Во все это, наверное, действительно можно было бы поверить, если бы только взгляд время от времени сам собой не сворачивал к датчику уровня топлива на приборной панели – тонкая красная стрелочка, с каждым разом опускающаяся все ниже – еще триста, двести пятьдесят, двести километров – и нужно будет остановиться, открыть багажник, достать канистры и долить бензин – оглядываясь, прислушиваясь и поглядывая на дорогу. Всю жизнь я очень плохо считала в уме – и в школе, и после, во взрослой жизни, мне всегда требовался лист бумаги или калькулятор, но времени у меня теперь было достаточно, чтобы стало совершенно ясно – бензина, тяжело плещущегося сейчас где-то в багажнике, Витаре ни за что не хватит, и где-то впереди – возможно, среди недружелюбных, покрытых льдом холодных северных озер, а может быть, и раньше – прямо на трассе, в нескольких километрах от какой-нибудь богом забытой деревни мотор вдруг захлебнется и умрет, а вместе с ним умрет и иллюзия безопасности, которую дарит человеку его машина – с запертыми дверьми, резиновыми ковриками под ногами, сиденьями с подогревом и дисками с любимой музыкой в бардачке.

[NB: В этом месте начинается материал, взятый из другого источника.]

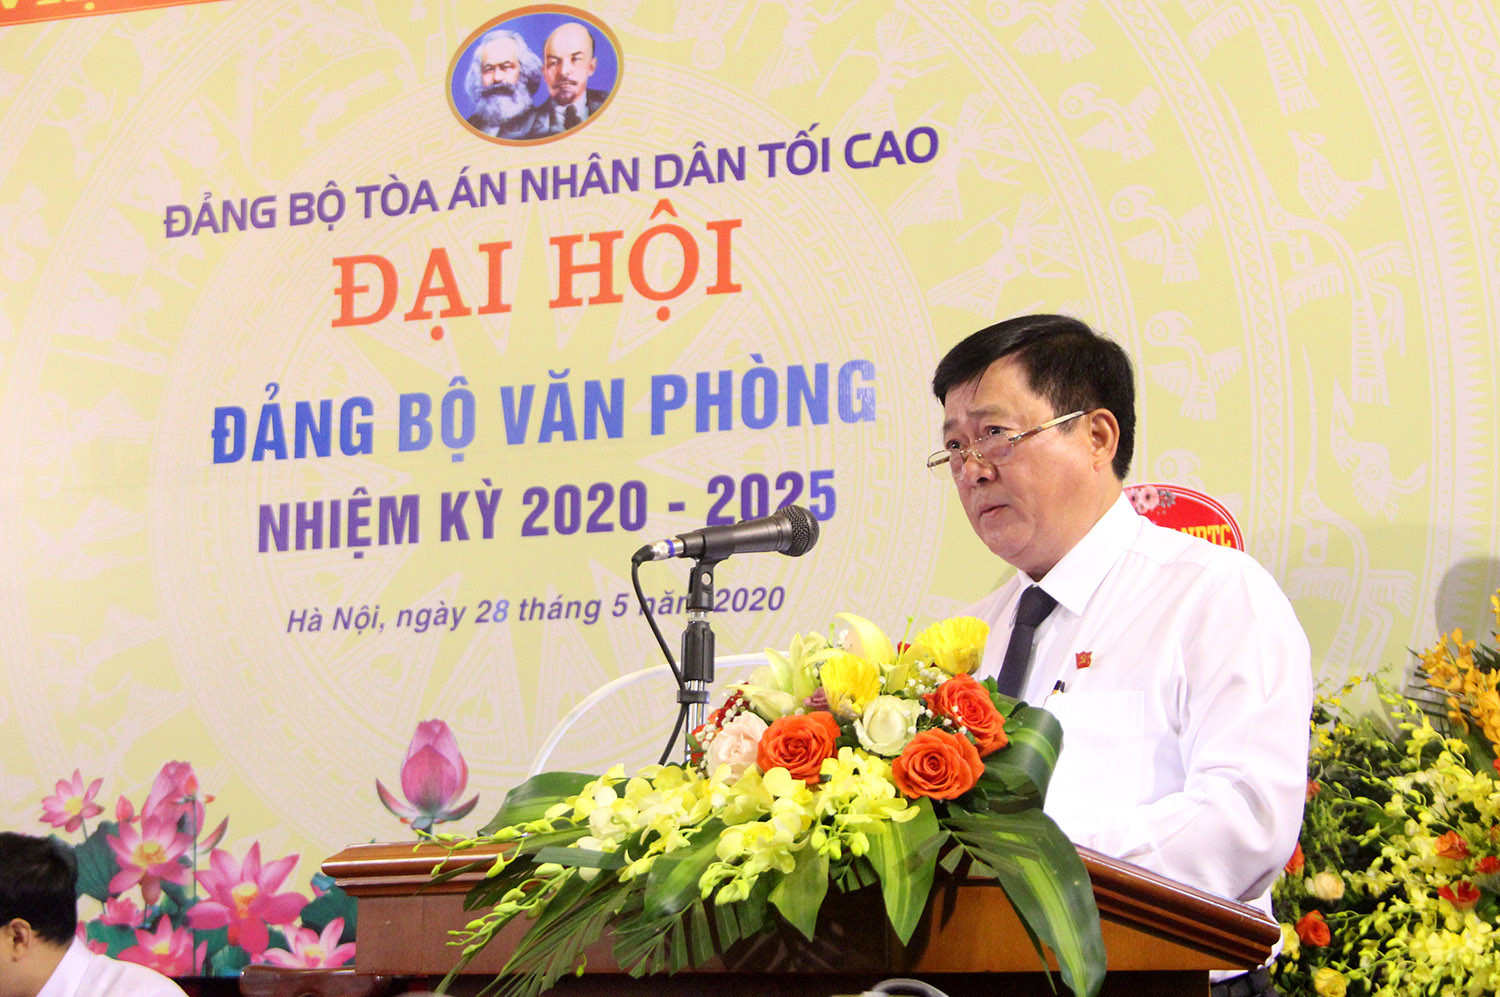 Đại hội Đảng bộ Văn phòng TANDTC nhiệm kỳ 2020 - 2025

Но момент этот пока не настал – до него было еще далеко; стрелка ползла вниз медленно, дорога была пуста, и можно было сказать себе – Аня, перестань бежать впереди поезда, ты не одна, твоя задача всего лишь – не заснуть сейчас, держать руль обеими руками, следить за красными габаритами едущего впереди Лендкрузера, а ближе к утру, возле Новгорода, ты пересядешь на пассажирское сиденье, закроешь глаза и ответственность за весь оставшийся отрезок пути ляжет уже на другие плечи – пока ты будешь спать, остальные обязательно придумают что-нибудь, чтобы пополнить запасы топлива и добраться до места, где тебе ничего уже не будет угрожать.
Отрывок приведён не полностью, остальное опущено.